При этих словах юноша почувствовал, как его бросило в банный жар: кровь прихлынула к вискам, перед глазами поплыли круги. Как сквозь сон, слышал он голос Дерфельдена, обстоятельно, с педантизмом эстляндца объяснявшего:
– Капитан Ермолов, командуя своей батареей, накануне штурма и во время его весьма с отличным искусством и мужеством действовал.
– Помилуй Бог! – одобрительно отозвался Суворов. – Пушки работали славно. Стреляли цельно. Пропадало разве меньше десятого заряда. Открыли путь пехоте и кавалерии. Какой восторг!.. Постой! Уж не он ли заставил варшавян свезти свои орудия?
– Так точно, ваше сиятельство, – столь же педантично, тщательно выговаривая русские слова, доложил Дерфельден. – Вместе с капитанами Христофором Саковичем и Дмитрием Кудрявцевым сбил батарею на варшавском берегу. Но он был из отличившихся первым.
– Да это же чудо-богатырь! – вскричал фельдмаршал. – Не позабудь его, батюшка Вилим Христофорович, в реляции!
Он отбежал на середину залы и своим низким голосом, таким неожиданным при его малом росте, воскликнул:
– Помните, господа! В войне – наступление, ярость, ужас. Изгнать слово «ретирада»!
В соседней зале для представлявшихся офицеров между тем накрыты уже были праздничные столы.

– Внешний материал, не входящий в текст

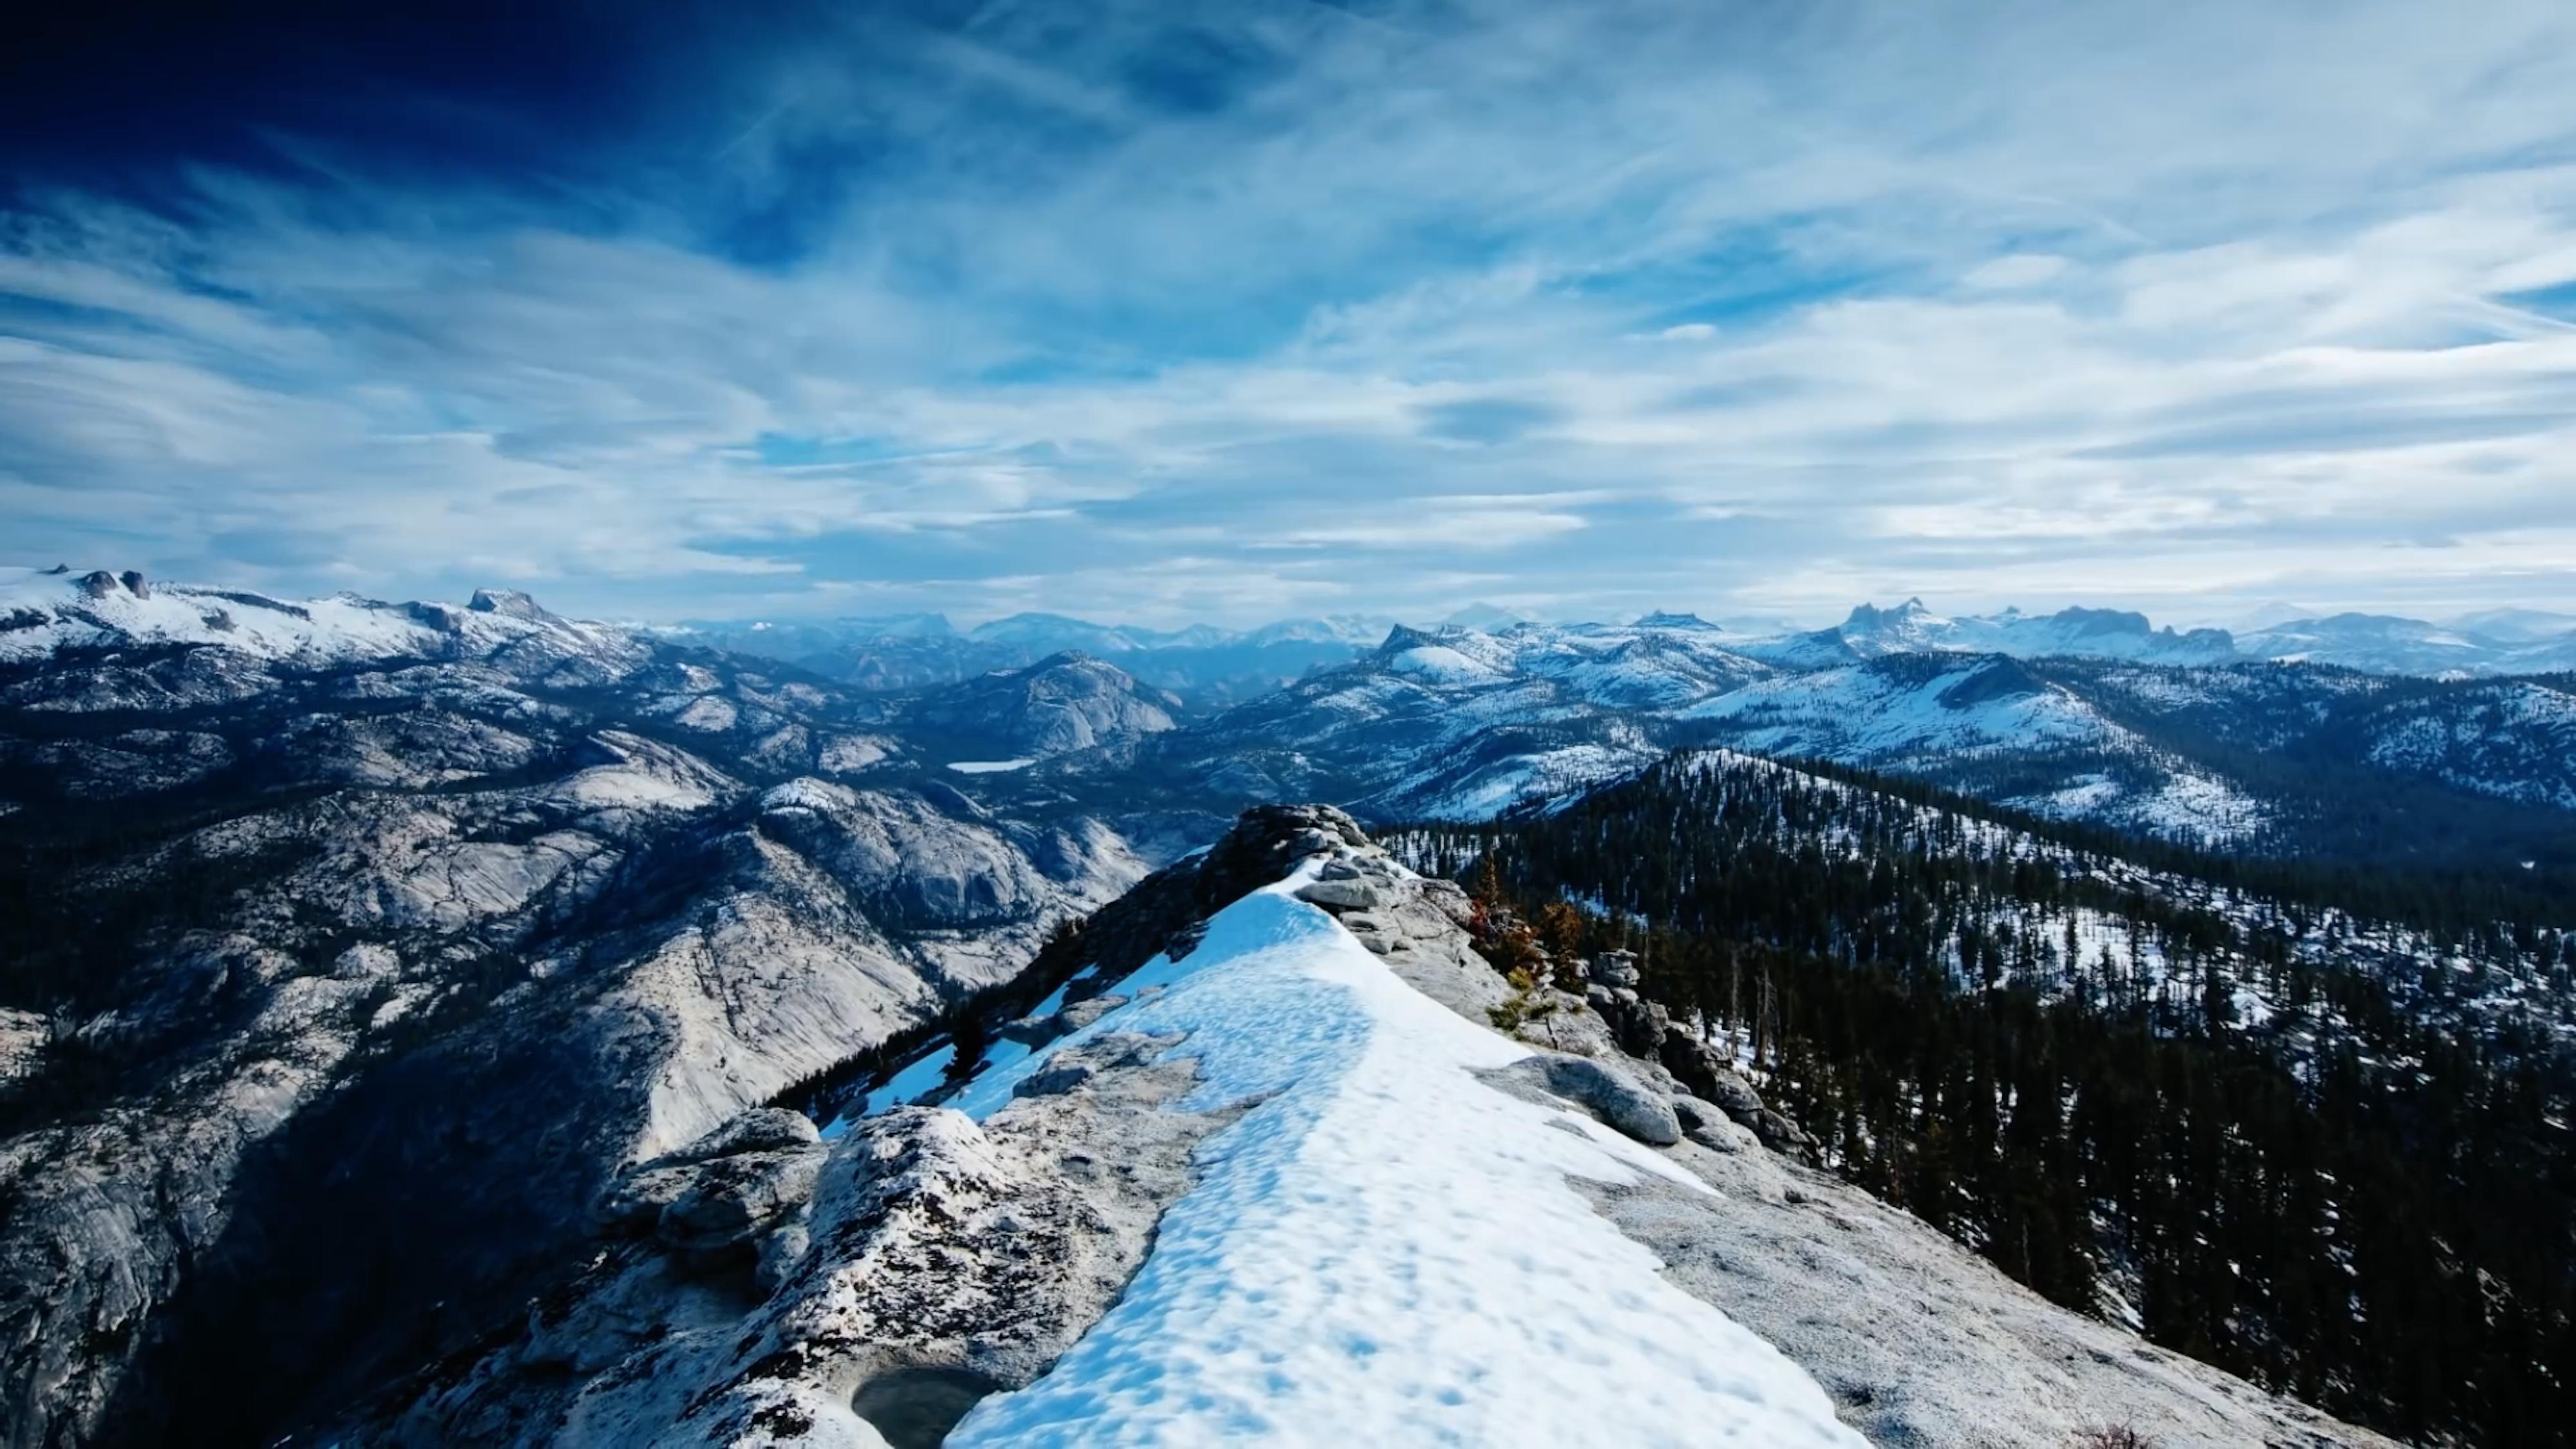 Download wallpaper 2560x1600 mountains plain landscape peaks twilight  widescreen 1610 hd background
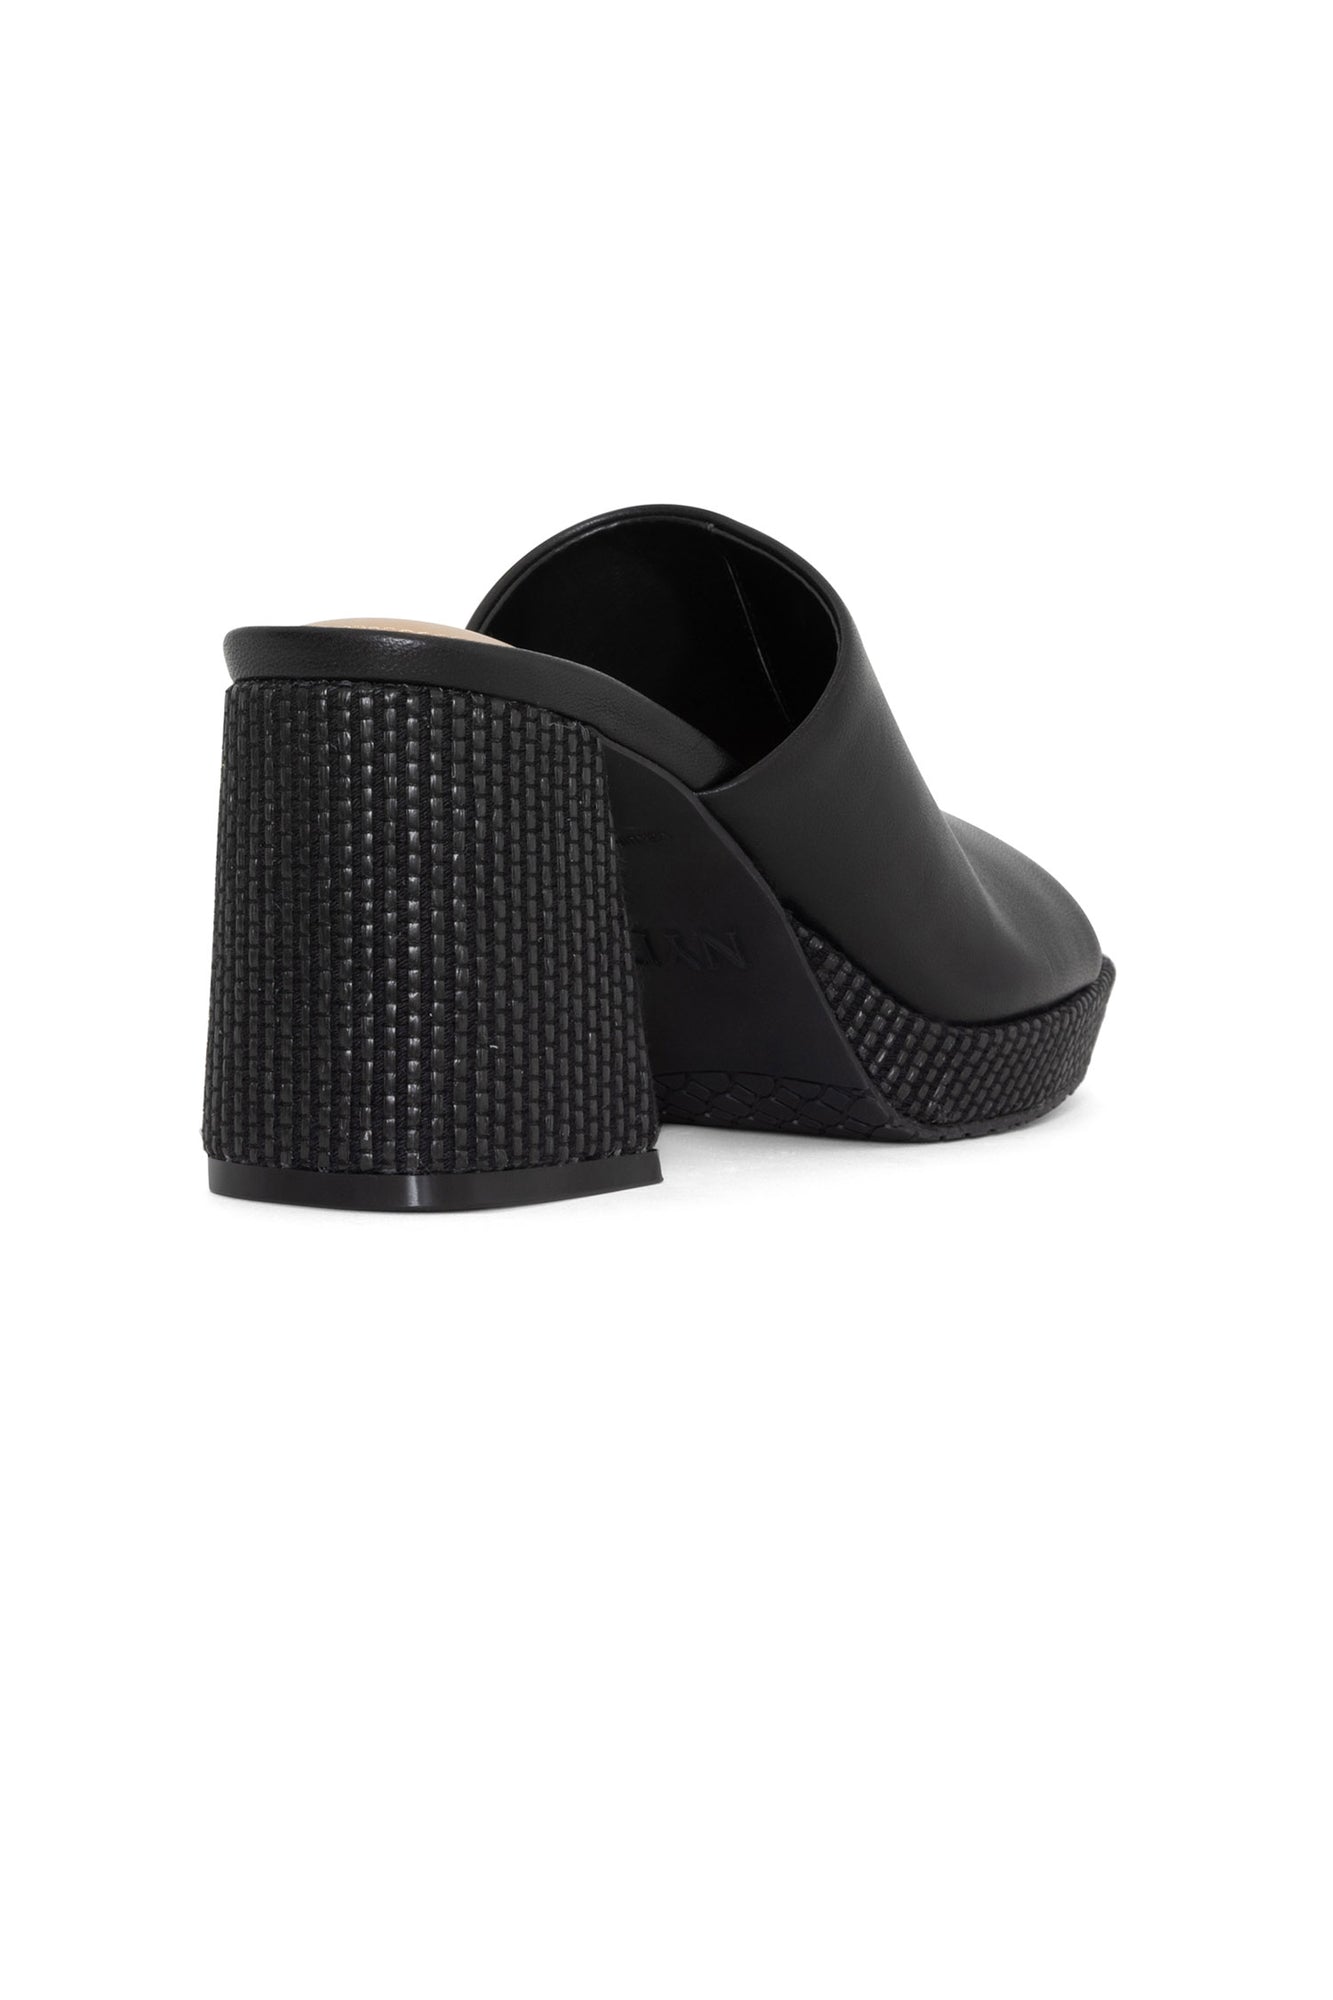 NYDJ Dewi Platform Sandals In Nappa Leather - Black

Рассаживались, соблюдая строжайшую субординацию. За обедом не дозволялось катать из хлеба шарики, передавать солонку из рук в руки, кусать ногти, иметь на себе черный цвет. Сперва подали в каких-то глубоких глиняных чашках прескверные щи, а после ветчину на конопляном масле. Офицеры над щами морщились и воротили носы от перекисшей капусты. Ермолов же хлебал с аппетитом, и не потому только, что не избалован и привык к любой пище. С рождения он был почти вовсе лишен чувства обоняния: не знал запаха ни розы, ни резеды в естественном их виде и мог есть за свежую говядину – тухлую, от которой другие бежали вон из комнаты.
Подавая пример, Суворов ел и беспрестанно похваливал искусство своего повара Мишки.
Ермолов жадно глядел на полководца, стараясь запомнить его – его лицо, манеры, облик. Маленький, прихрамывающий, с грубой обветренной кожей, припудренными букольками и косичкой, высоко поднятыми бровями и сверкающими умом голубыми глазами. Русский Марс!
Обед был едва не испорчен неосторожностью Каховского. Забывшись, любимый адъютант принялся грызть ногти. Суеверный Суворов вскочил с криком:
– Грязь, вонь, прихах, афах! Здоровому – питье и еда, больному – воздух и конский щавель в теплой воде!
Тотчас явился слуга с рукомойником, полотенцем и лоханкой.